BRIEF -
Give back exactly the lines starting at the one with "Compaq 740 manual Table Of Contents" and ending at the last line of the data below. Pictures are not part of the copy.

SUPPLIED MATERIAL -
Start of Block
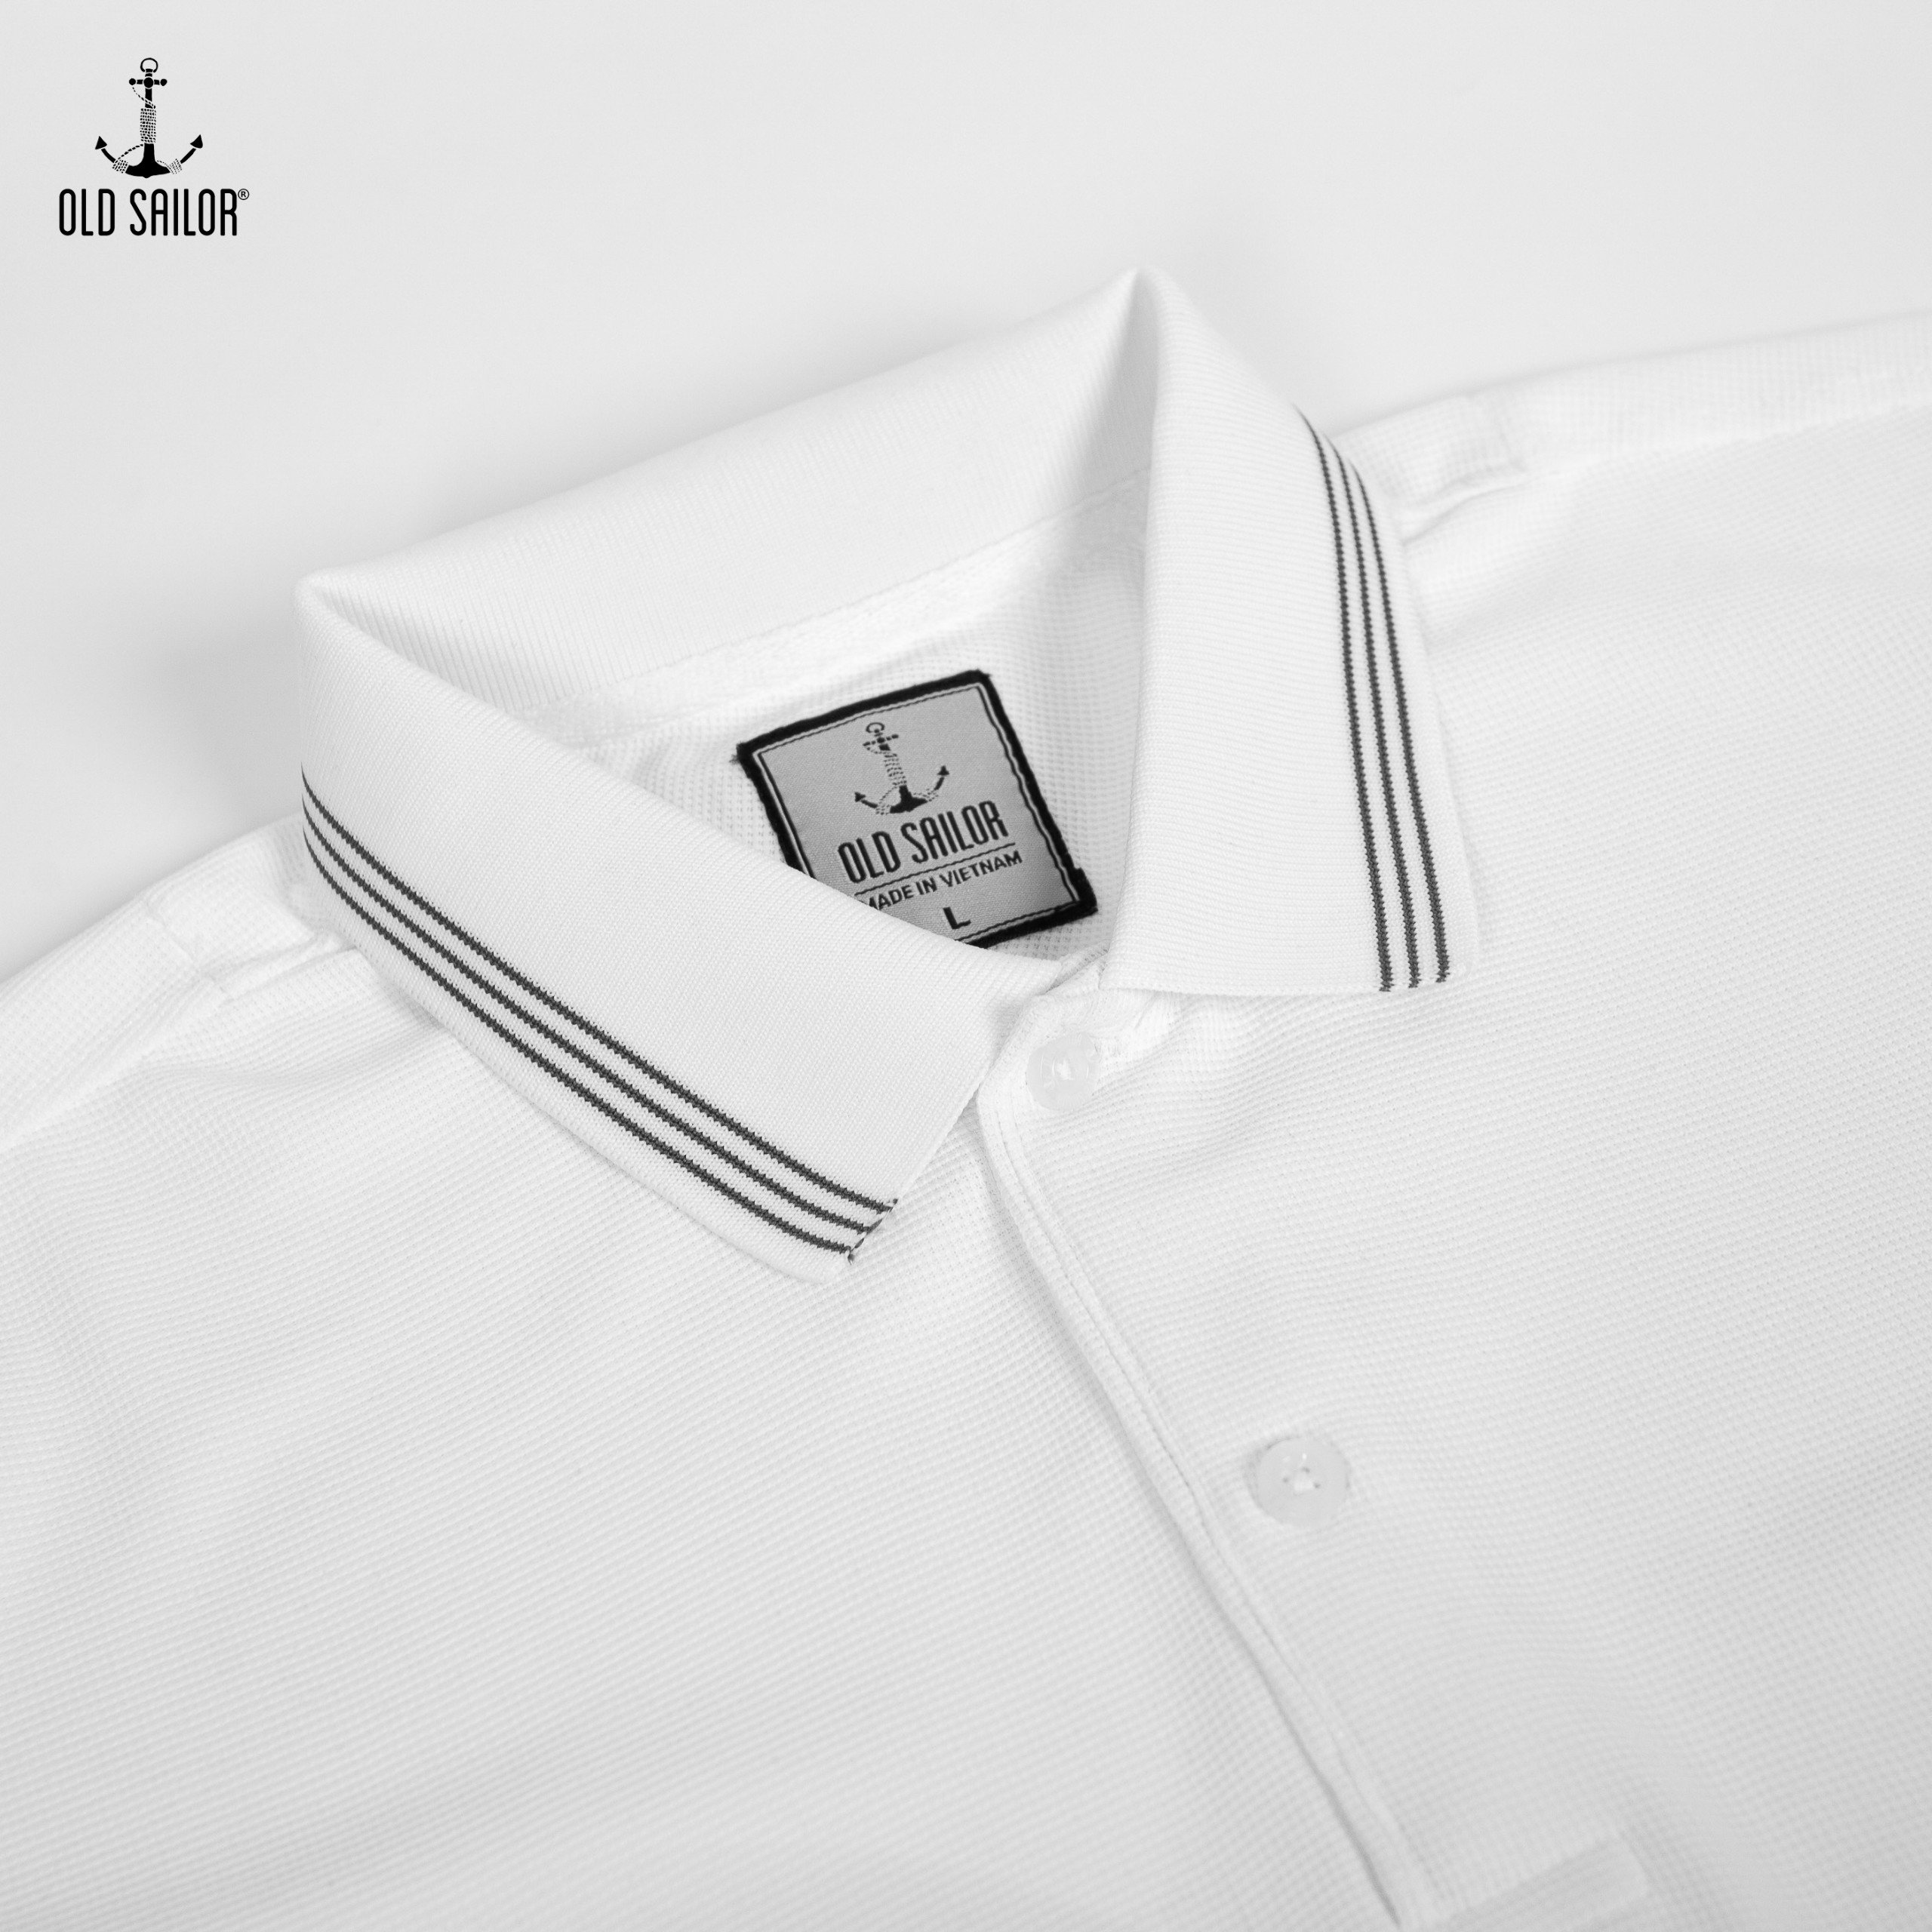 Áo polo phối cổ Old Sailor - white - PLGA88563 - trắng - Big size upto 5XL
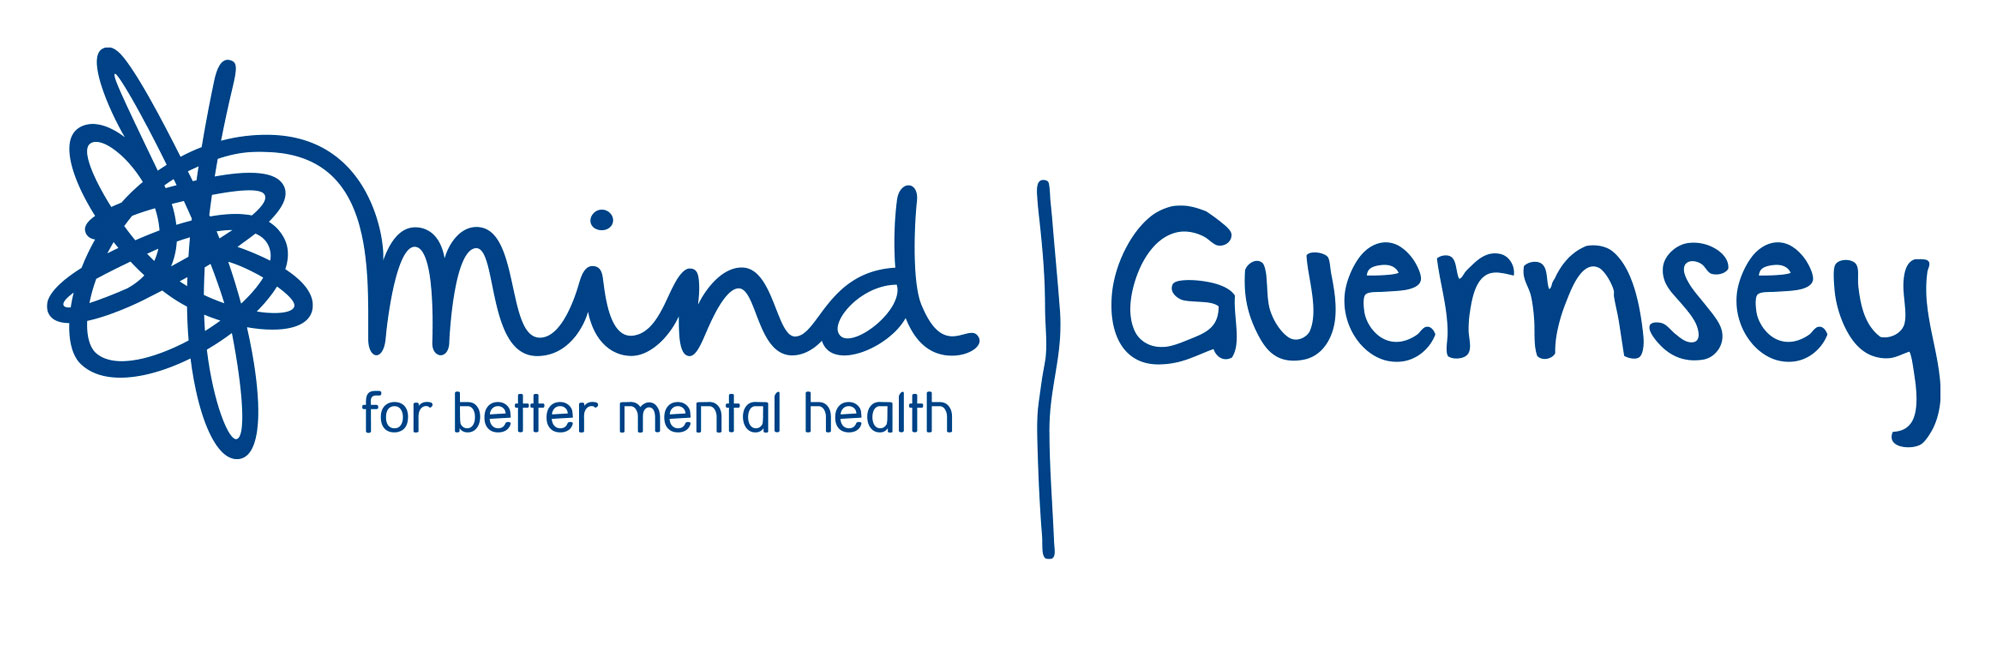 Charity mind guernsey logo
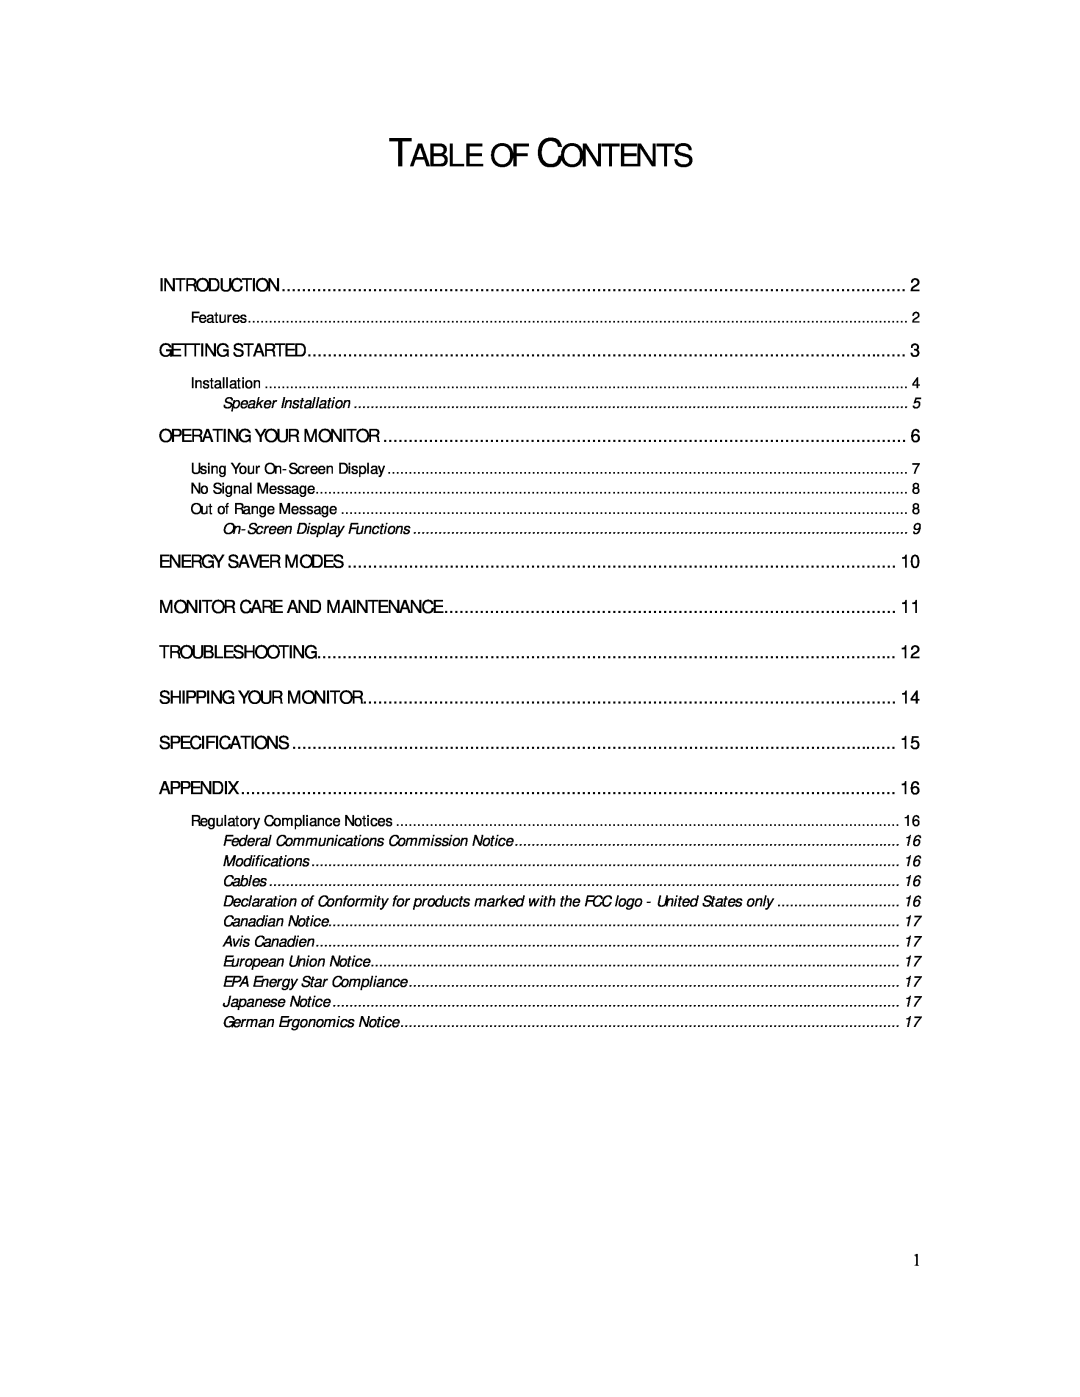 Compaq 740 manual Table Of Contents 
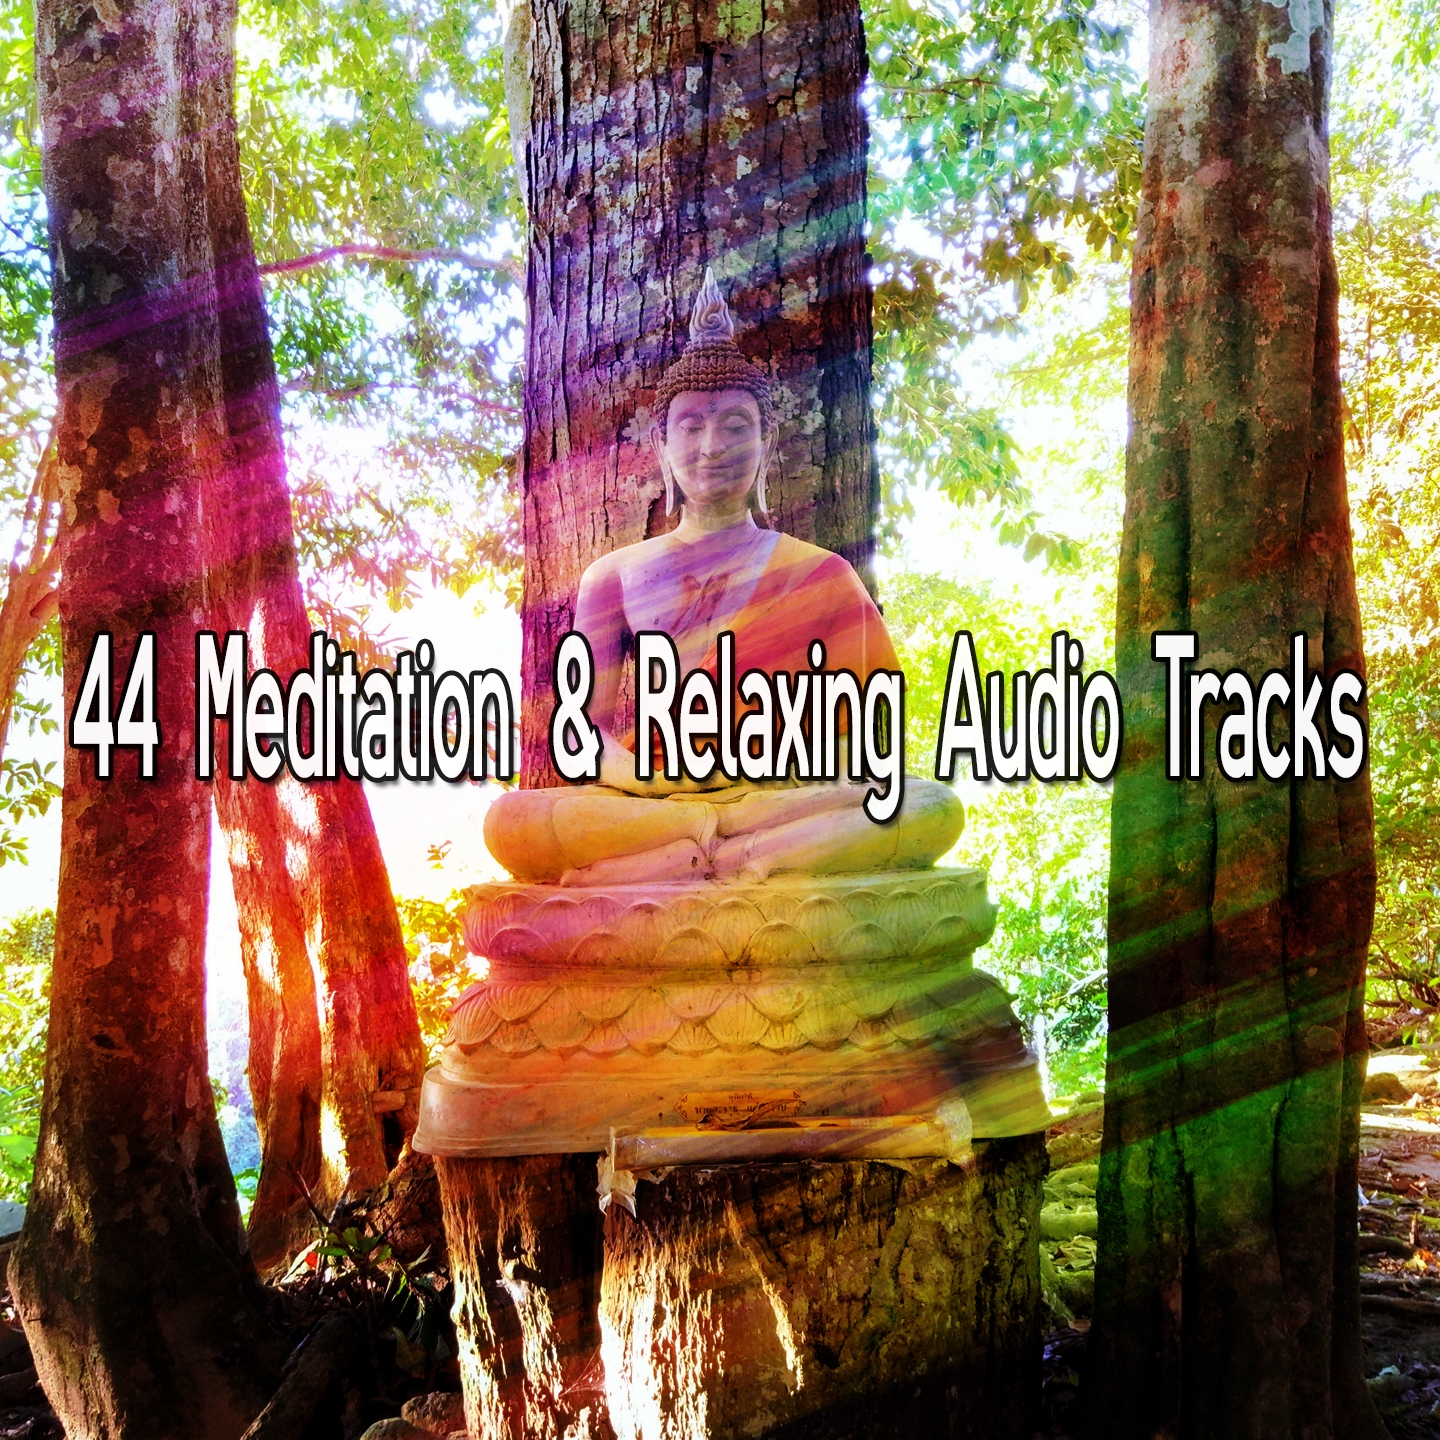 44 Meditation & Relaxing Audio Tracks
End of Block
RESPONSE AREA -
 Compaq 740 manual Table Of Contents 
 44 Meditation & Relaxing Audio Tracks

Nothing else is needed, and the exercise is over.